Scale items:  (4 of the 5 are listed here)(1)Contact me if you would like the scale with specific copyright release.

In the past 6 months have these situations occurred to you:

  • You find yourself using sexually explicit material more than you want to.
  • You have attempted to “cut back” or stop using sexually explicit material, but were unsuccessful.
  • You find it difficult to resist strong urges to use sexually explicit material.
  • You find yourself using sexually explicit material to cope with strong emotions (e.g., sadness, anger, loneliness, etc.)

The scale has been used in two research studies that have been published.

Sklenarik, S., Potenza, M.N., Gola, M., Kor, A., Kraus, S.W., & Astur, R.S. (2019). Approach bias for erotic stimuli in heterosexual male college students who use pornography. Journal of Behavioral Addictions, 8, 234-241.

Kowalewska, E., Kraus, S.W., Lew-Starowic, M., Gustavsson, K., & Gola, M (2019). Which dimensions of human sexuality are related to compulsive sexual behavior disorder (CSBD)? Study using a Multidimensional Sexuality Questionnaire on a sample of Polish males. Journal of Sexual Medicine, 16(8), 1264-1273.

 

Review

Working inpatient with alcoholics decades ago, I used a brief, face valid alcoholism screening assessment. Because it was face valid, we didn’t rely on it for accurate diagnosis, but it was invaluable in sparking conversation and prompting a deeper look. 

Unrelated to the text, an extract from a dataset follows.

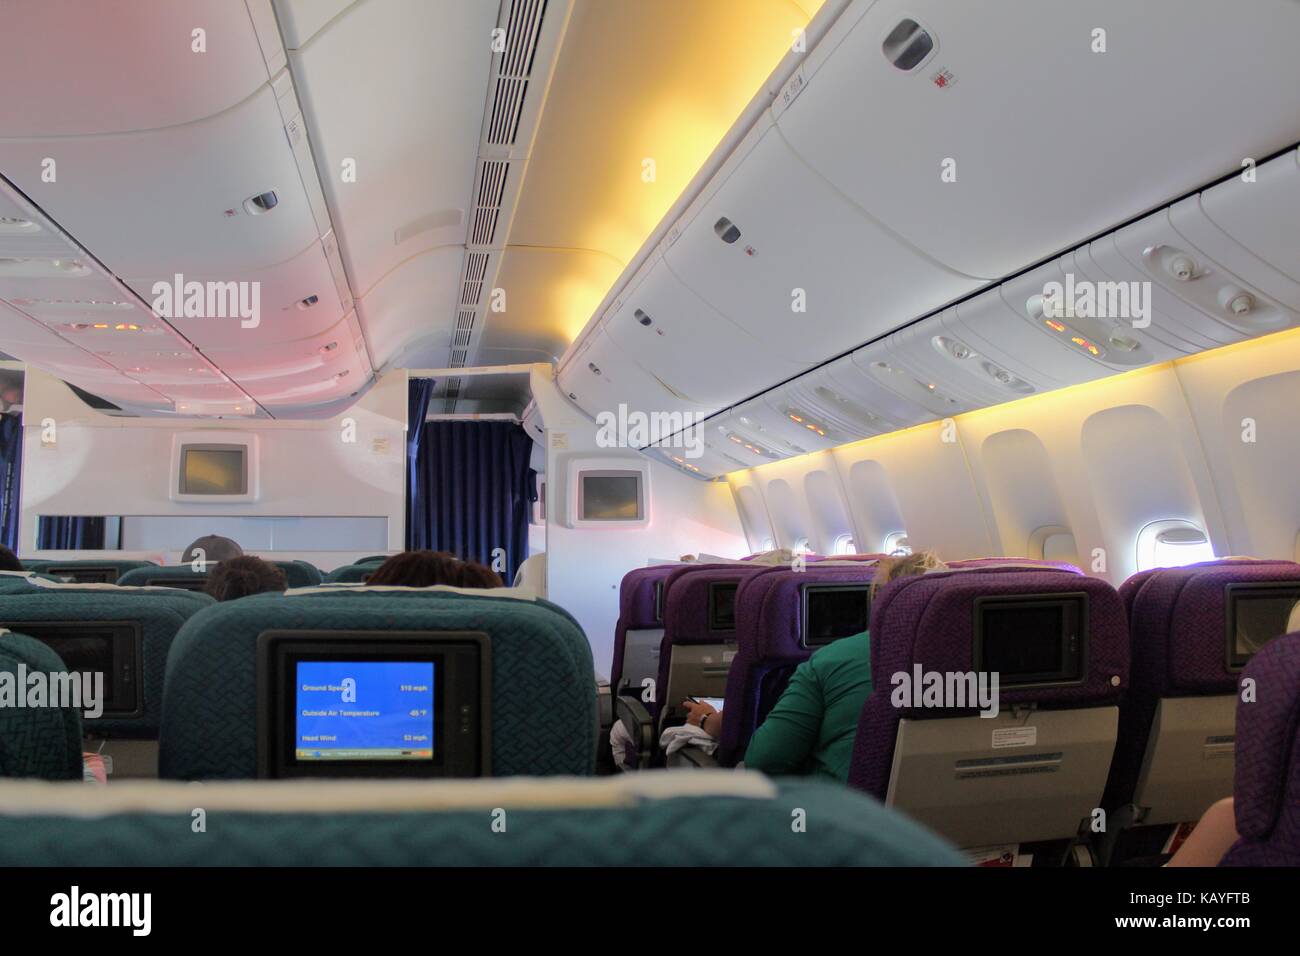 Boeing 777 Interior Stockfotos Boeing 777 Interior Bilder
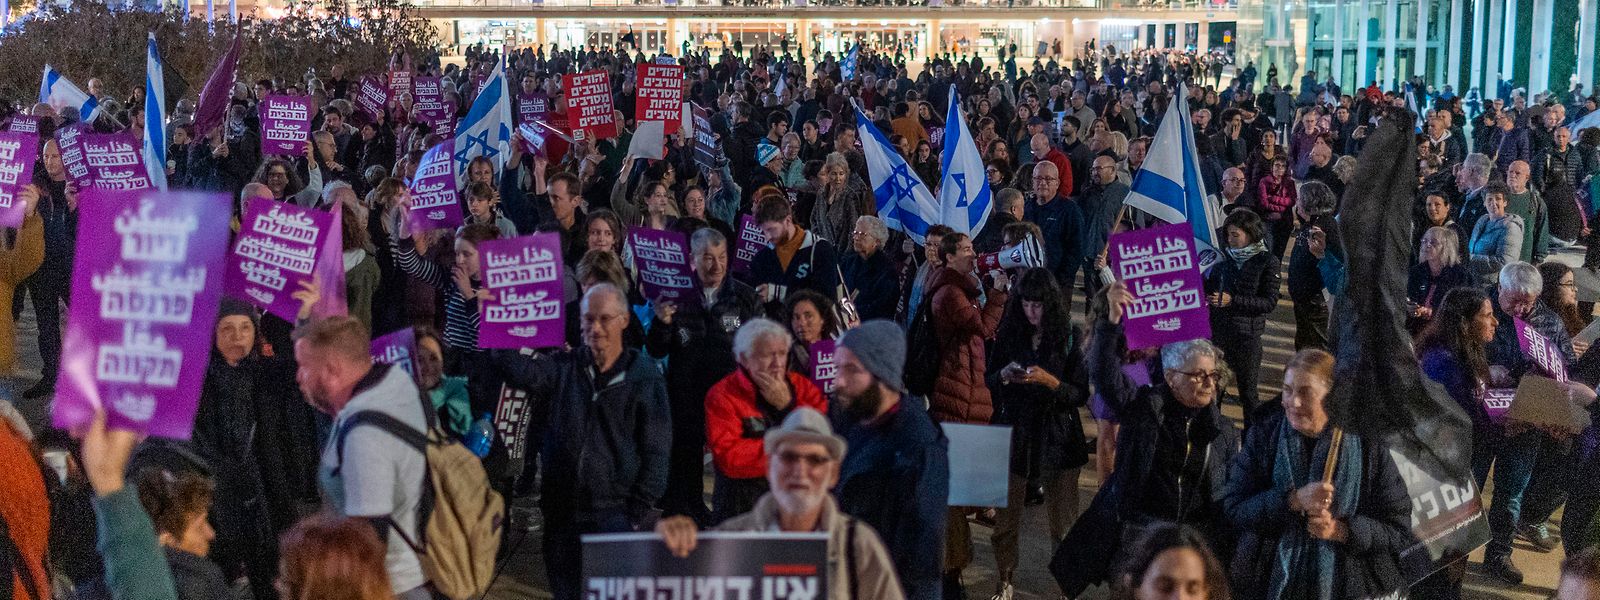 Die Menschen in Israel sorgen sich um die demokratischen Grundwerte.

Today, the Sexual Addictions Screening Test (SAST) serves a similar purpose. Not sufficient for diagnosis, but it is a great way for clients to flag issues and to discuss with clients where their score falls relative to addicts and non-addicts. 

The Brief Pornography Screener holds to potential for filling this gap in working with individuals who present for problematic porn usage. Having a quick way for potential (or active) clients to report on their pornography use and being able to compare their score to an established clinical cut-off score could be valuable. 

“James, in answering questions on our intake form about pornography you scored a “7”. That puts your score in a category where most individuals are experiencing some significant distress related to their pornography use. Can you tell me more about this?” 

Score Interpretation

The slides uploaded to ResearchGate suggest Kraus and Grubs used a psychological distress scale and assessed porn frequency in establishing the cut-off score of 4. I will want to review the final article (they report it is under review for publication) before speaking to the validity of score interpretation but assume it will be strong. Stay tuned for updates. 

Sample and testing 

While Kraus and Grubs mention other samples (see works published using the screener), the sample for this report seems very appropriate for use in the intended population (cross section of individuals from the US who have viewed pornography). 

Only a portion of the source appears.